Resources

People often ask me "How did you learn how to hack?" The answer: by reading. This page is a collection of the blog posts and other articles that I have accumulated over the years of my journey. Enjoy!

Race conditions are issues that stem from the timing of requests being made. Historically, most race conditions were time of check vs. time of use (TOCTOU). For instance, redeeming a gift card multiple times by submitting the requests simultaneously. The author calls these limit overrun attacks. However, there are other TOCTOU issues besides limit overruns.

James Kettle introduces a new class of race condition bugs beyond limit overrun attacks: state machine races. Best quote of the article: "Every pentester knows that multi-step sequences are a hotbed for vulnerabilities, but with race conditions, everything is multi-step." By considering every operation that the backend performs a state change, new requests between these changes could cause major havoc by accessing unintended substates.

The author was testing an application where the flow was Login->Assign Role to token. So, what happens prior to the role being assigned to the user? It's an admin user! So, by making a request while the role assignment process was occurring, the user could briefly become an administrator. This is a perfect example of a sub state causing problems.

These race conditions can be extremely tight though. How do we hit these? Network jitter between two requests can cause particular conditions to not work. A common technique is the last byte sync, where the final byte is not send until the very end.

HTTP/2 allows for multiple requests to go over a single packet. This was abused for Timing Attacks in the past. Now, James Kettle was abusing this to get the network jitter to be extremely low. On top of this, they combined the last byte sync from before in order to get 20-30 requests interpreted all at the same time. This is implemented into Burp Intruder but they have more details on how to do this yourself as well.

Finding these types of vulnerabilities is extremely difficult to do. So, the author came up with a methodology for finding these bugs. First, we need to identify objects, such as users and sessions, with security controls that that we want to bypass. Then, identify functionality that reads or writes to this state, such as profile edits, password resets and more. Finally, race these various types of requests to find a problematic sub-state.

The big questions to be ask are:

1. How is the data stored? Persistent server side state data is what should be tested here.
2. What's the operation keyed on?. Finding weird sub-states may only be possible in situations where two items share the same key or the state has various operations that change in a single request.
3. Editing or appending. Editing is much more prune to race conditions.
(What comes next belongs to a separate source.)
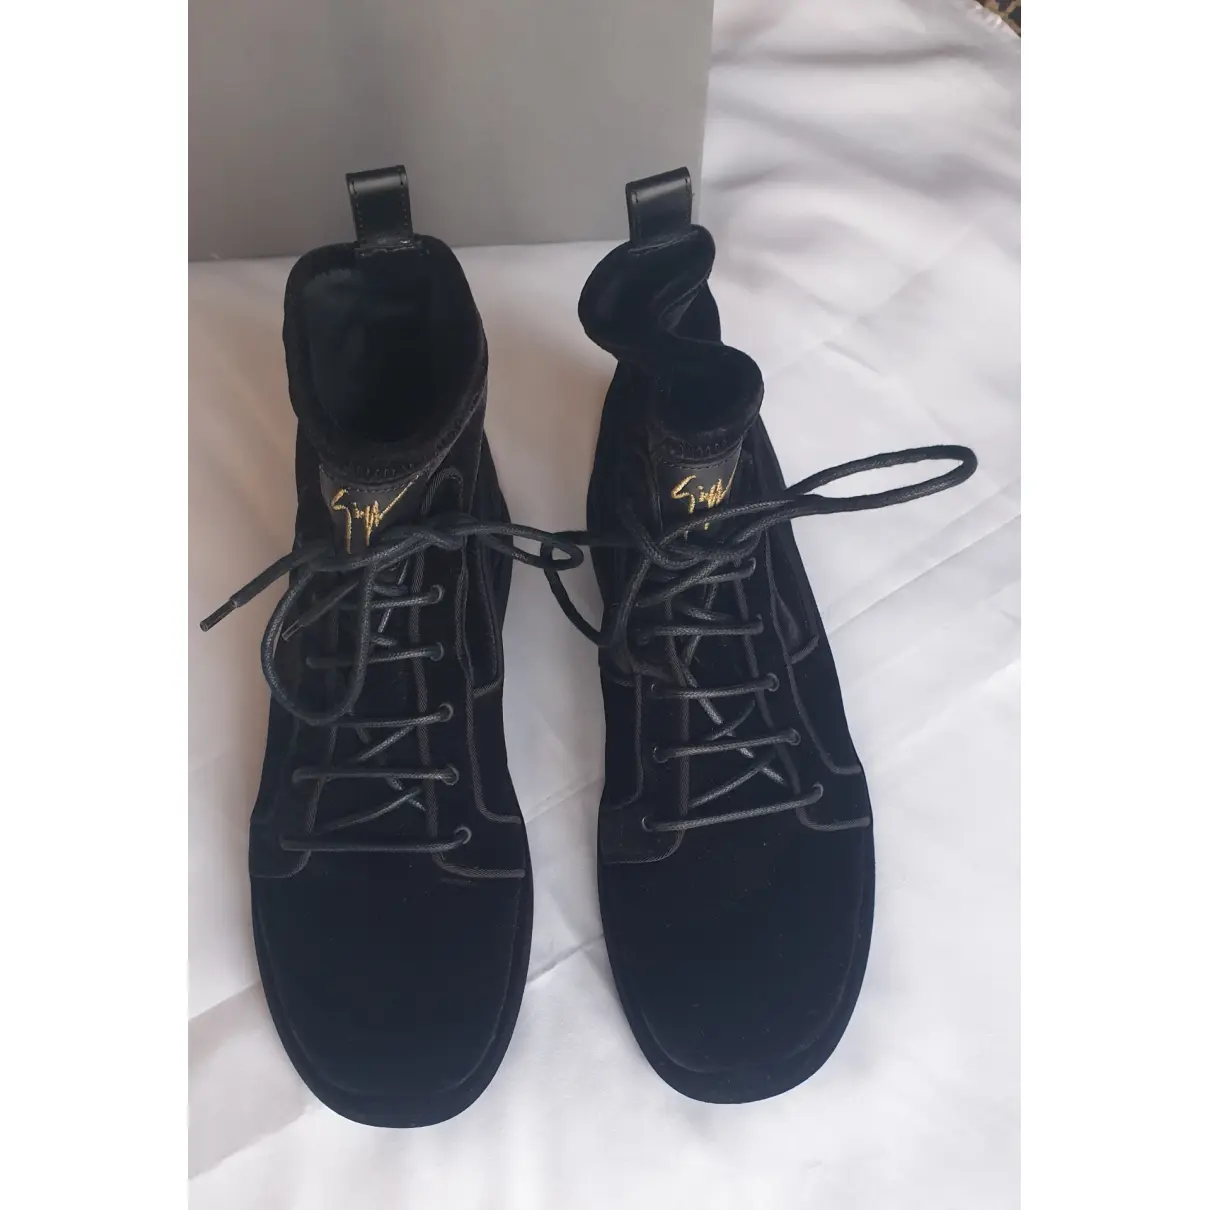 Buy Giuseppe Zanotti Velvet boots online

Of course, Kettle went through some case studies. While looking through email invitations functionality, sending the same invitation request 6 times turned up 5 successes and 1 "this has already been taken" message and two emails instead of 1. This was different than doing this sequentially. So, the weirdness of this call indicates that a weird sub-state has been hit.

Initially, this did not gather much. However, they came up with a crazy attack scenario. Doing the email resolution process, what if you replaced the email? The email resolution would verify it while the replacement would swap the email. Sadly, the code being sent was for an already verified account and not the new one trying to be added.

During the Gitlab process of changing an email, the author noticed that it was incredibly fast; much faster than sending an email is. So, this indicating that another thread was likely being used to send this. The author decided to change their email address twice at the same time. While doing this, they noticed that the To and body did not always match. Sometimes, the confirmation code for one user was included in the other users email! What a crazy bug!

Testing for these bugs is complicated via blackbox but impossible to spot via whitebox testing. There are many many many bugs like this waiting to be discovered in the wild. I hope to find some of these in the near future via blackbox testing. Race conditions thrive on complexity.